# Need a muzzle loader and lost pls help



## work2play2 (Nov 14, 2015)

This will be strictly to be used 1 week out of the yr. Muzzle loader week before rifle season for whitetail. Never shot or owned one. I'm willing to spend 500.00 but if I don't have to that's great. I just need something good for 100 yards and I'll be happy. I guess my question is what kind of gun should I get and how's the learning curve? Hard to use? I'm sitting in the tree as we speak thinking how nice it would have been to have that week before the season started to hunt and have a range of 100 yards with confidence. Any help?


----------



## stabow (Nov 14, 2015)

A lot of guns on the market in that price range, would be nice to have someone show you the ropes what us old-timers take for garnet is confusing to a beginner, found that out the other day. Check out Cabala's or bass pro they have sales going on this time of year.


----------



## stabow (Nov 14, 2015)

PS very important to clean after shooting not next day or next week but that day.


----------



## getaff (Nov 15, 2015)

Same boat I think I'll watch this one.


----------



## Swamperdog (Nov 15, 2015)

I have a CVA Wolf I bought used and it works great and is accurate enough for shots at 100 yards or less.  I use iron sights but may put a scope or red dot on it for the 100 yard shots.
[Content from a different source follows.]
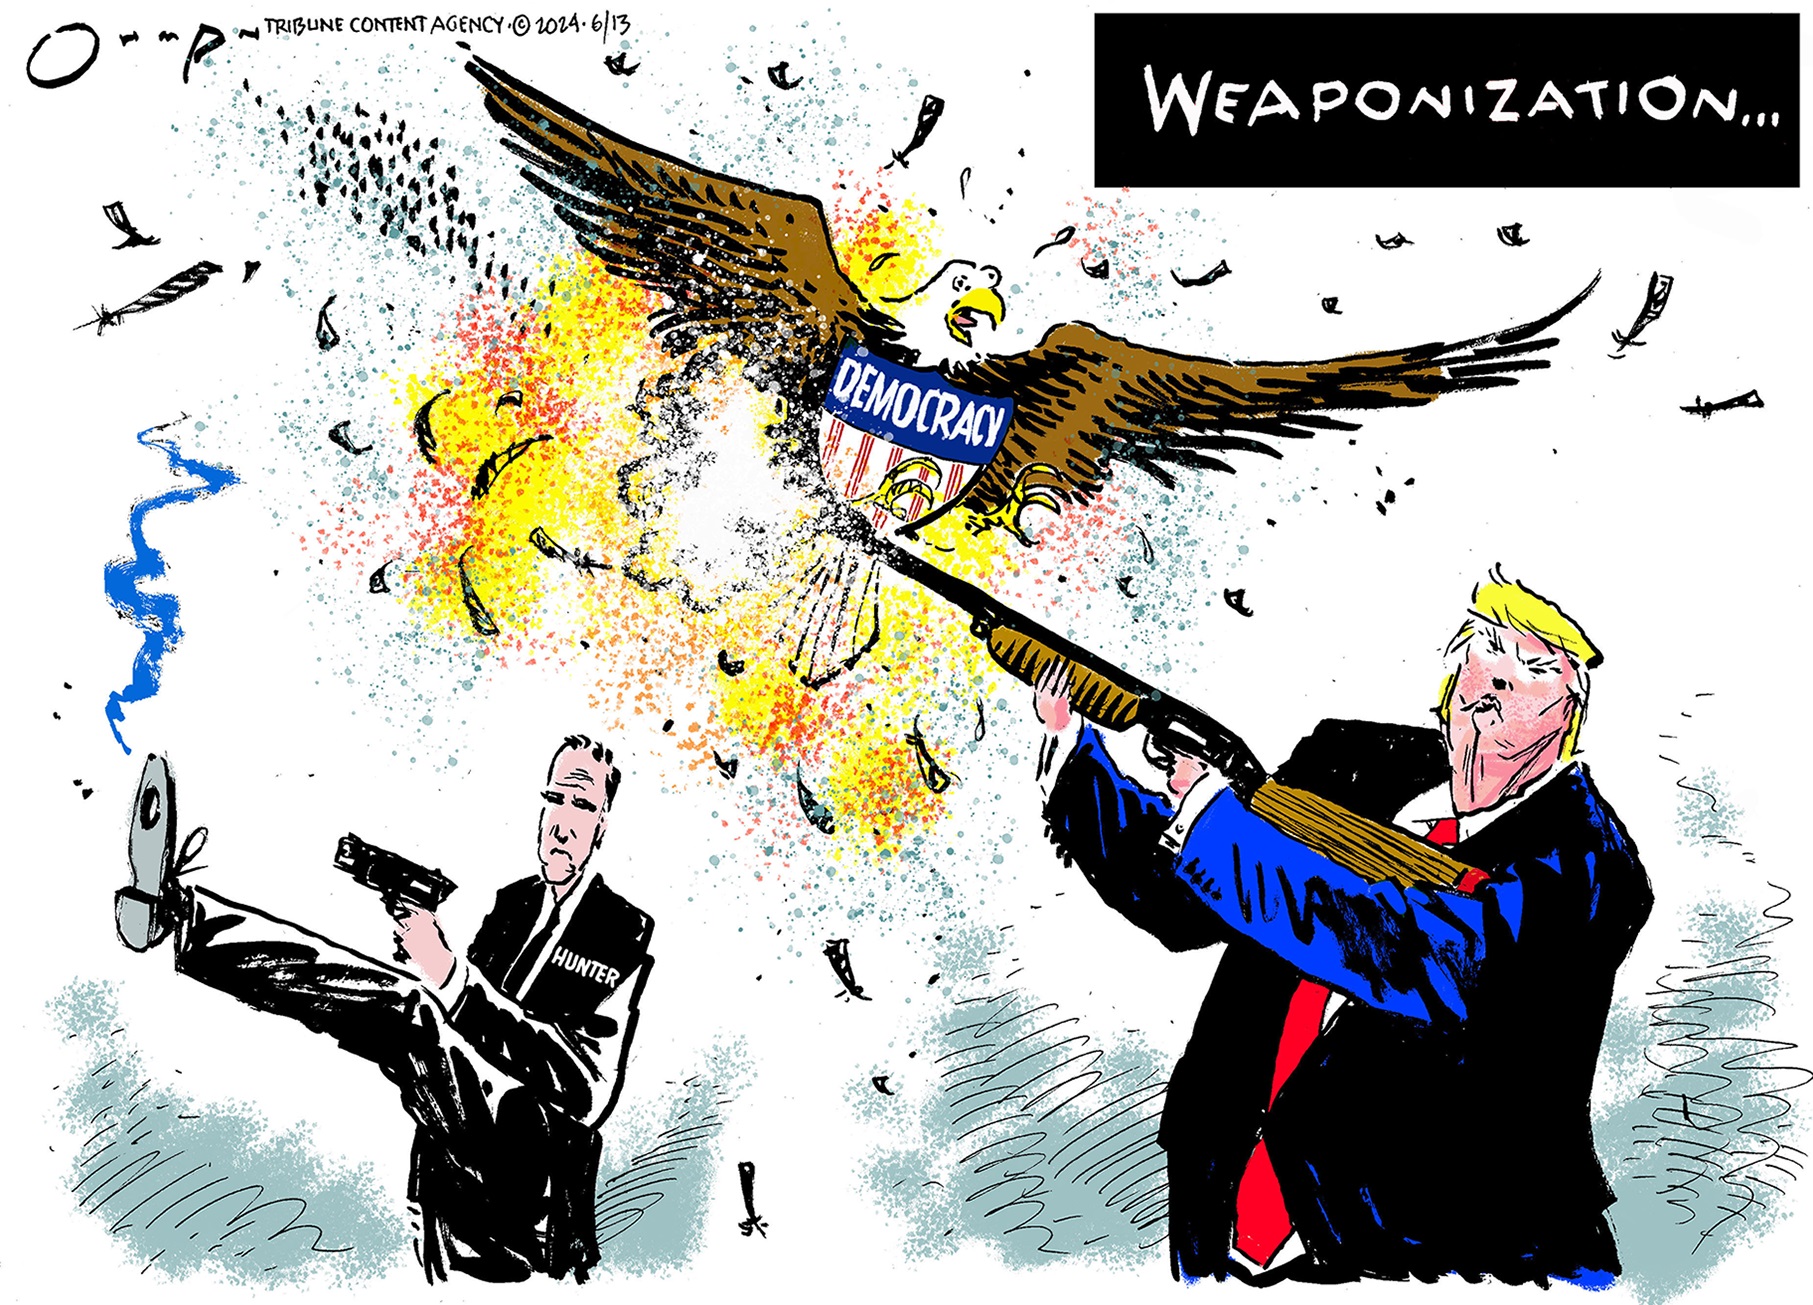 June 15: Weaponization

Academy has a starter CVA Wolf kit on black friday sale right now for $229 with everything you need to get started.  I think they call it the 209 Magnum now?

They have the same gun in stainless steel for another $100.  The inlines are much easier to shoot and maintain than the muzzleloaders in my opinion. (I have two T/C Hawken .54s as well)

- Swamperdog


----------



## Dustin Pate (Nov 15, 2015)

Wal-mart has theres on clearance right now. They has some very good deals at the local one. Might be worth a look.


----------



## RNC (Nov 16, 2015)

Swamperdog said:


> I have a CVA Wolf I bought used and it works great and is accurate enough for shots at 100 yards or less.  I use iron sights but may put a scope or red dot on it for the 100 yard shots.
> 
> Academy has a starter CVA Wolf kit on black friday sale right now for $229 with everything you need to get started.  I think they call it the 209 Magnum now?
> 
> ...



A scoped CVA Wolf would do the trick for sure .
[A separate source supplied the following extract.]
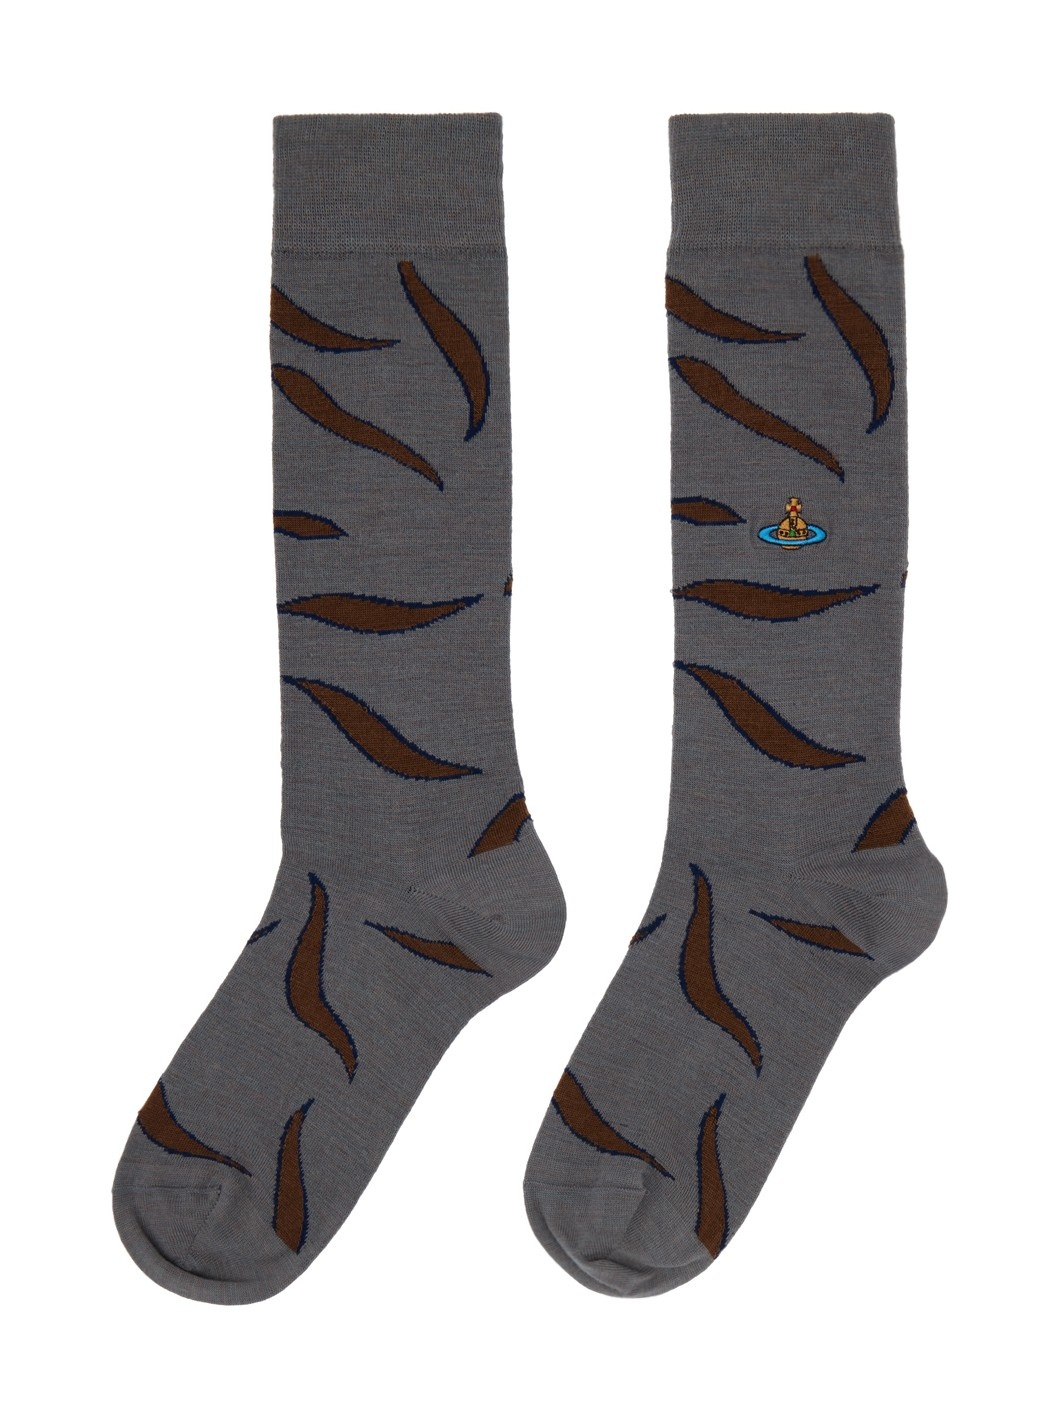 Gray Embroidered Socks - 2

Now is the time to find a deal on one too


----------



## Milkman (Nov 16, 2015)

I say get an inline that uses the 209 primers. Lots of folks like the "magnum" style that allow using a greater amount of powder or pellets. Get a scope made for a muzzle loader.  I have an inexpensive CVA bolt action that I bought about 15 years ago.  There are lots more options out there today. 
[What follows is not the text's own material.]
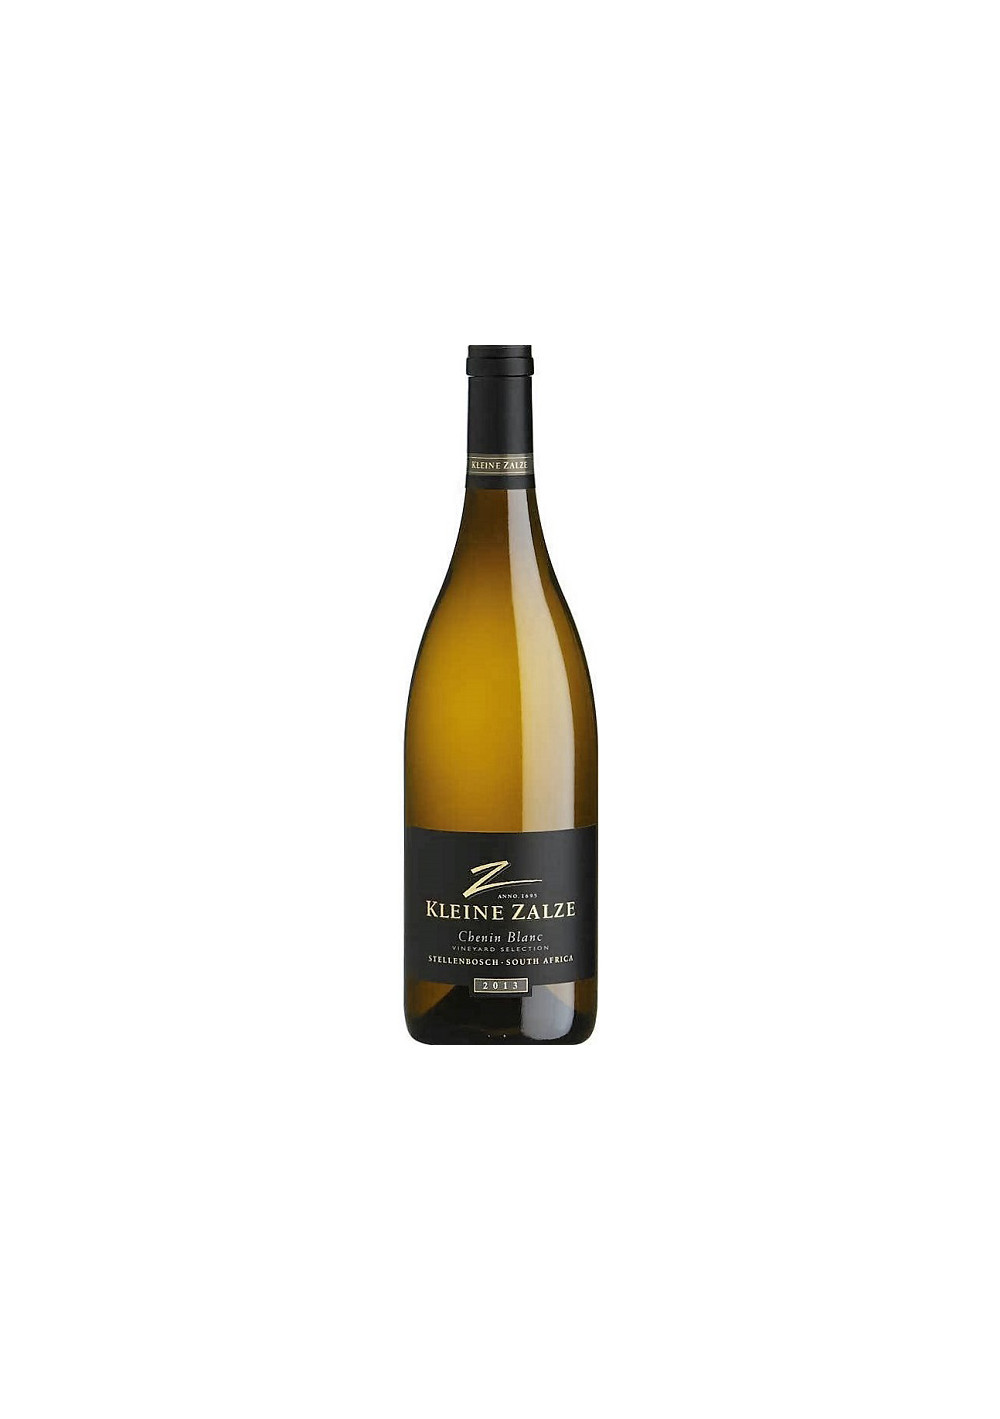 Chenin Blanc Vineyard Selection 2016 Kleine Zalze

After  you get the gun and scope there are other odd and end things that are pretty much necessities. 

Cleaning brush, cleaning jag, cleaning pads, cleaning solution. I have learned to like the aerosol foaming cleaning solution.

You will need to get a supply of the primers, pellets (or powder) and ammo.   Then get started. 

You will learn quickly how many times you can shoot it before it begins to foul and has to be cleaned.


----------



## KINCHAFooneeryan (Nov 16, 2015)

Take your time and look for the right deal. I would call all the Walmarts in your area to see what they have in stock at what price. Last year I bought a stainless CVA Wolf for $99 and a CVA Optima with the camo stock for $139. Ended up selling the Optima that pretty much paid for the Wolf. I also bought tons of ammo, primers, pyrodex, and every tool and every type of cleaning agent they had. Prolly bought $100 worth of supplies that would have cost me $400 anywhere else. Heck I even bought a DVD with O'neill Williams (made for CVA) that pretty much explained anything you ever wanted to know about muzzleloaders for a dollar or two.


----------



## KINCHAFooneeryan (Nov 16, 2015)

BTW I would personally call Walmart and/or visit them if they have any in stock. Do not trust the website as last year it said they were out of stock when they had plenty. I had to drive 45 minutes to get my guns last year. They had none in the case and had them all in the back. They personally brought out all the option from the back to show me what they had in stock...at least I thought they showed them all to me. Told my buddy about the deal and he drove up and got a CVA Optima with the Dead On scope mount and a Konus scope for $160. I was a little aggravated to say the least.


----------



## Hooty Hoot (Nov 16, 2015)

The modern inlines with primers and modern powders will require less equipment and do-dads than the older stuff. Wait till after the first of the year and everyone's product will be on sale. Got to clear the shelves for the new latest and greatest.


----------



## Old Winchesters (Nov 16, 2015)

cva wolf and a starter kit will get you going.


----------



## JoPa (Nov 17, 2015)

I bought a CVA Wolf on sale at Gander, think it was just over $100.  I put a 3x9 Simmons scope on it.  I use 3 pellets of 777 and a 245 grn Powerbelt.  At 100 yds it shoots 1"-2" and will just drop a deer in its tracks.  Buy extra bullets and spend some time sighting it in because as mentioned it's best to run a cleaning rod through it in between shots, it will take some time but get it sighted in.


----------



## Davexx1 (Nov 25, 2015)

Check your state regulations for minimum size caliber, what type of powder is allowed, etc.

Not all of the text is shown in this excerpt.